Especially note that this is currently (probably) a sub-optimal way to use ga -- I don't know the specifics of your objective function, so a lot more may be possible. For instance, I currently use a simple round() to convert the input X to integers, but using 'PopulationType', 'custom' (with a custom 'CreationFcn', 'MutationFcn' etc.) might produce better results. Also, 'Vectorized' will likely speed things up a lot, but I don't know whether your function is easily vectorized.

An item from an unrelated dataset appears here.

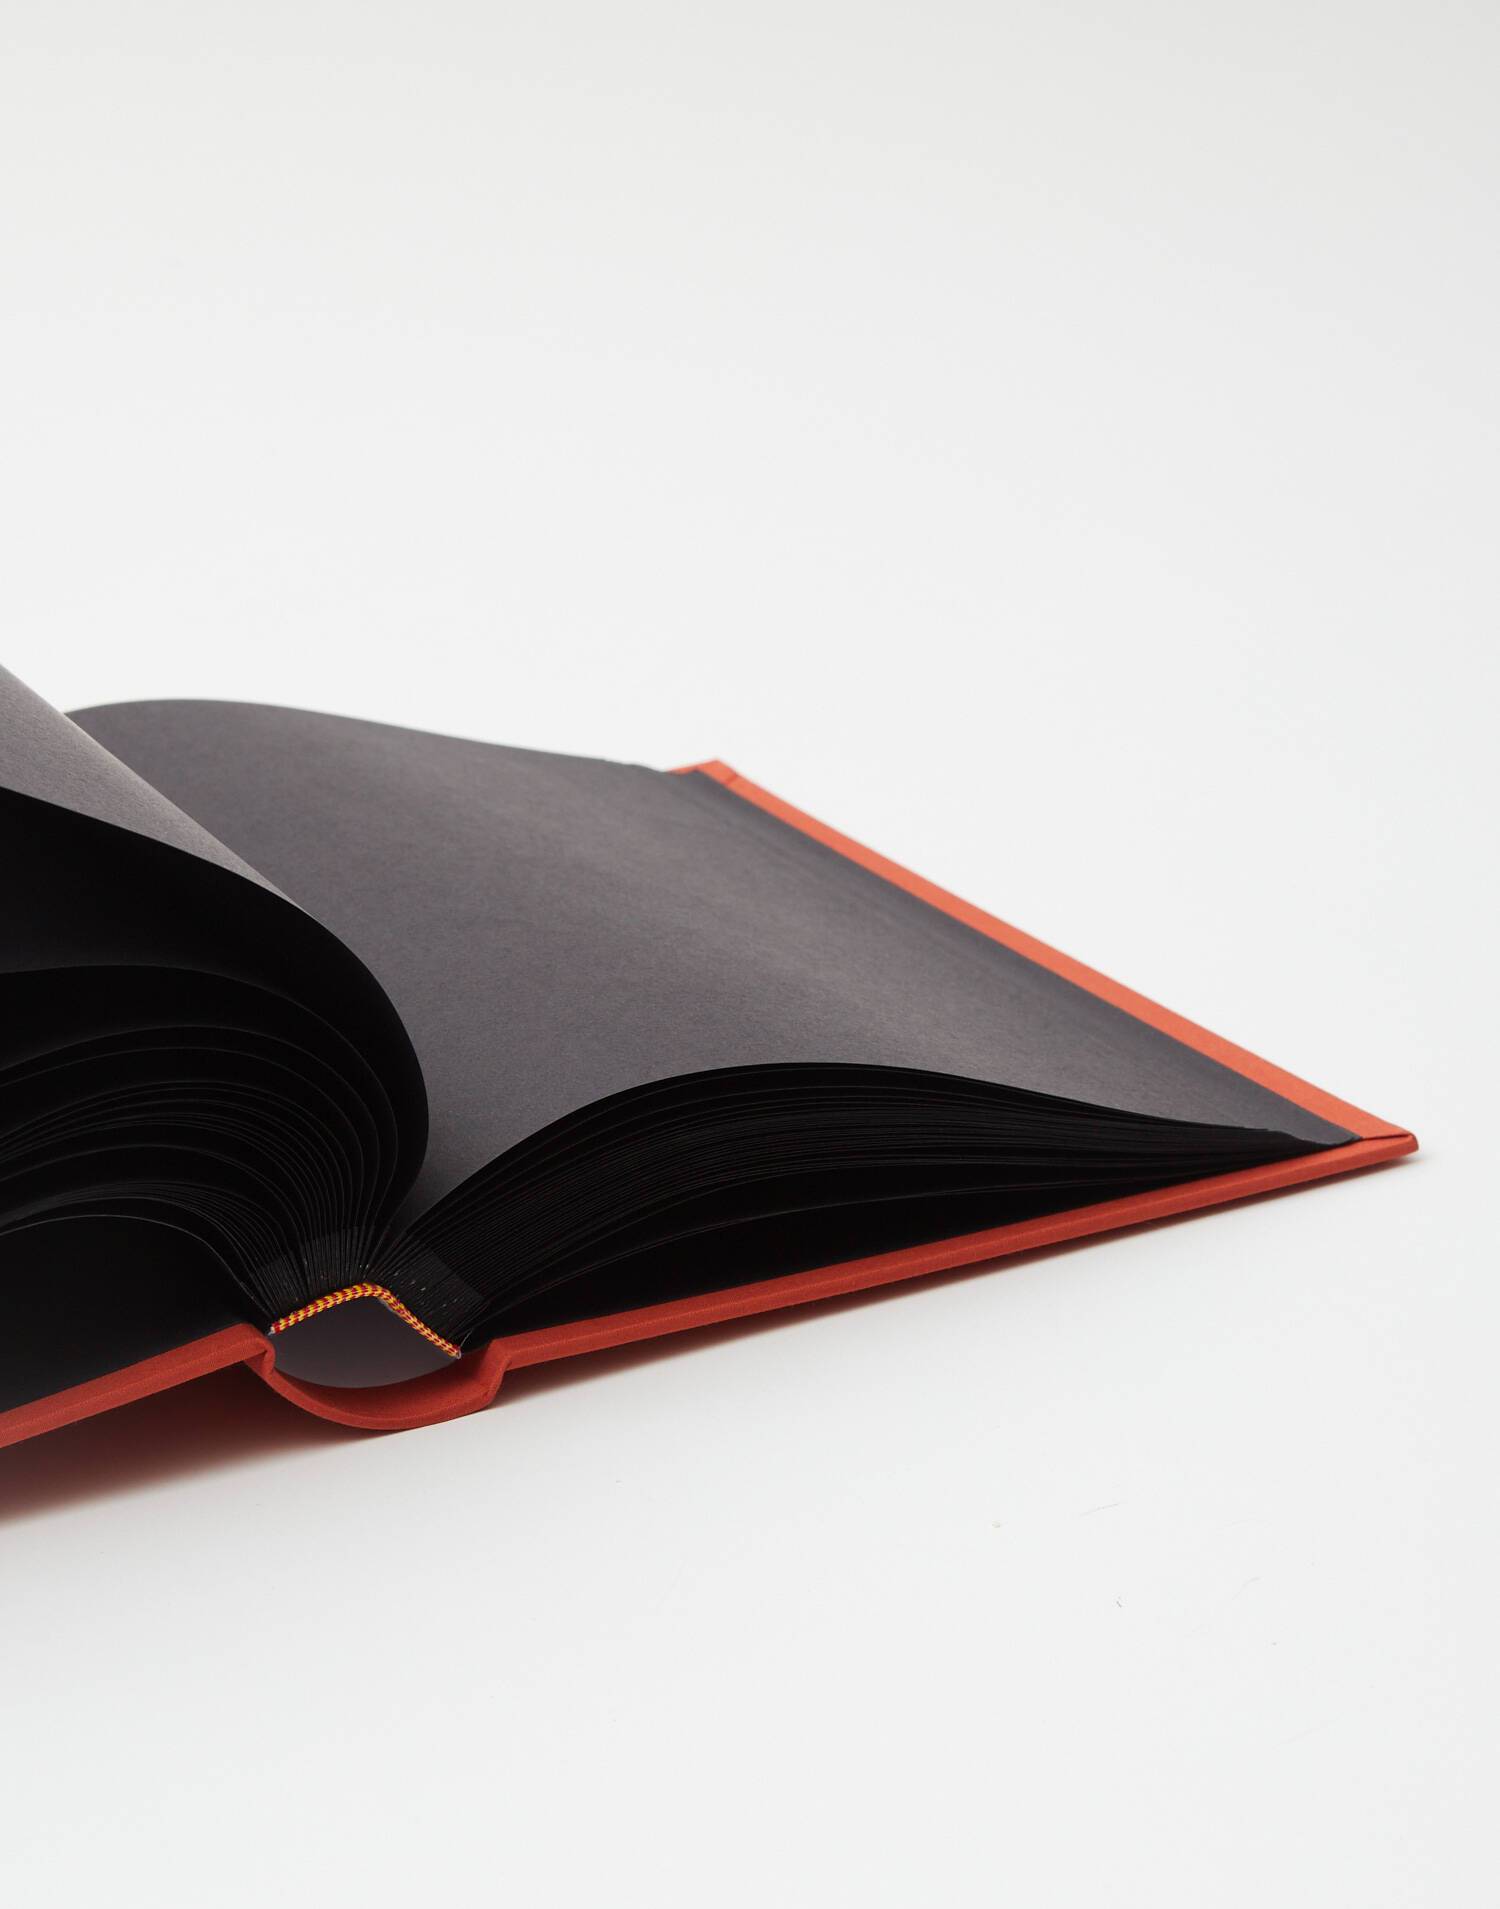 Cuadernos PAPEL ARMENIA DE ARMENIA x30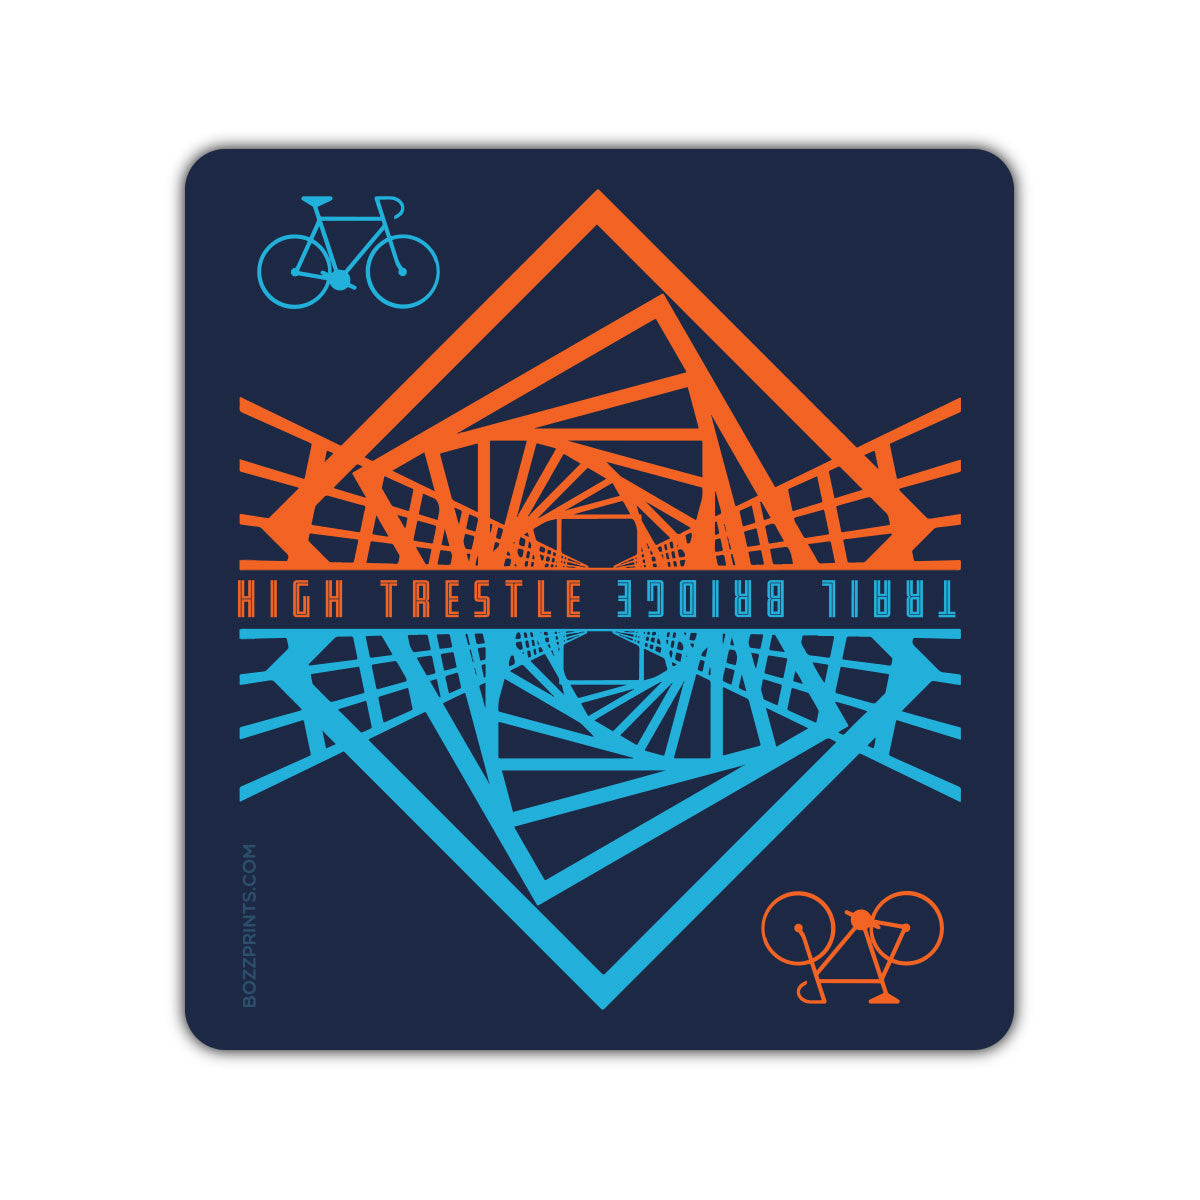 High Trestle Trail Bridge - Bozz Prints

And yes, I use nested functions (I just love those things!); it prevents these huge, usually identical lists of input arguments if you use sub-functions or stand-alone functions, and they can really be a performance boost because there is little copying of data. But, I realize that their scoping rules make them somewhat akin to goto constructs, and so they are -ahum- "not everyone's cup of tea"...you might want to convert them to sub-functions to prevent long and useless discussions with your co-workers :)
Anyway, this should be a good place to start. Let me know if this is useful at all.
Unless you define some intelligence on how the vector sets are organized, there will be no intelligent way of solving your problem other then pure brute force.
Say you find s s.t. f(s) is max given constraints of s, you still need to figure out how to build s with twelve 4-element vectors (an overdetermined system if there ever was one), where each vector has 20 possible values. Sparsity may help, although I'm not sure how it is possible to have a vector with four elements be 70-90% zero, and sparsity would only be useful if there was some yet to be described methodology in how the vector are organized
So I'm not saying you can't solve the problem, I'm saying you need to rethink how the problem is set-up.
I know, this answer is reaching you really late.
Unfortunately, the problem, as is, show not many patterns to be exploited, besides of brute force -Branch&Bound, Master& Slave, etc.- Trying a Master Slave approach -i.e. solving first the function continuous nonlinear problem as master, and solving the discrete selection as slave could help, but with as many combinations, and without any more information over the vectors, there is not too much space for work.
But based on the given continuous almost everywhere functions, based on combinations of sums and multiplication operators and their inverses, the sparsity is a clear point to be exploited here. If 70-90% of vectors are zero, almost a good part of the solution space will be close to zero, or close to infinite. Hence a 80-20 pseudo solution would discard easily the 'zero' combinations, and use only the 'infinite' ones.
This way, the brute-force could be guided.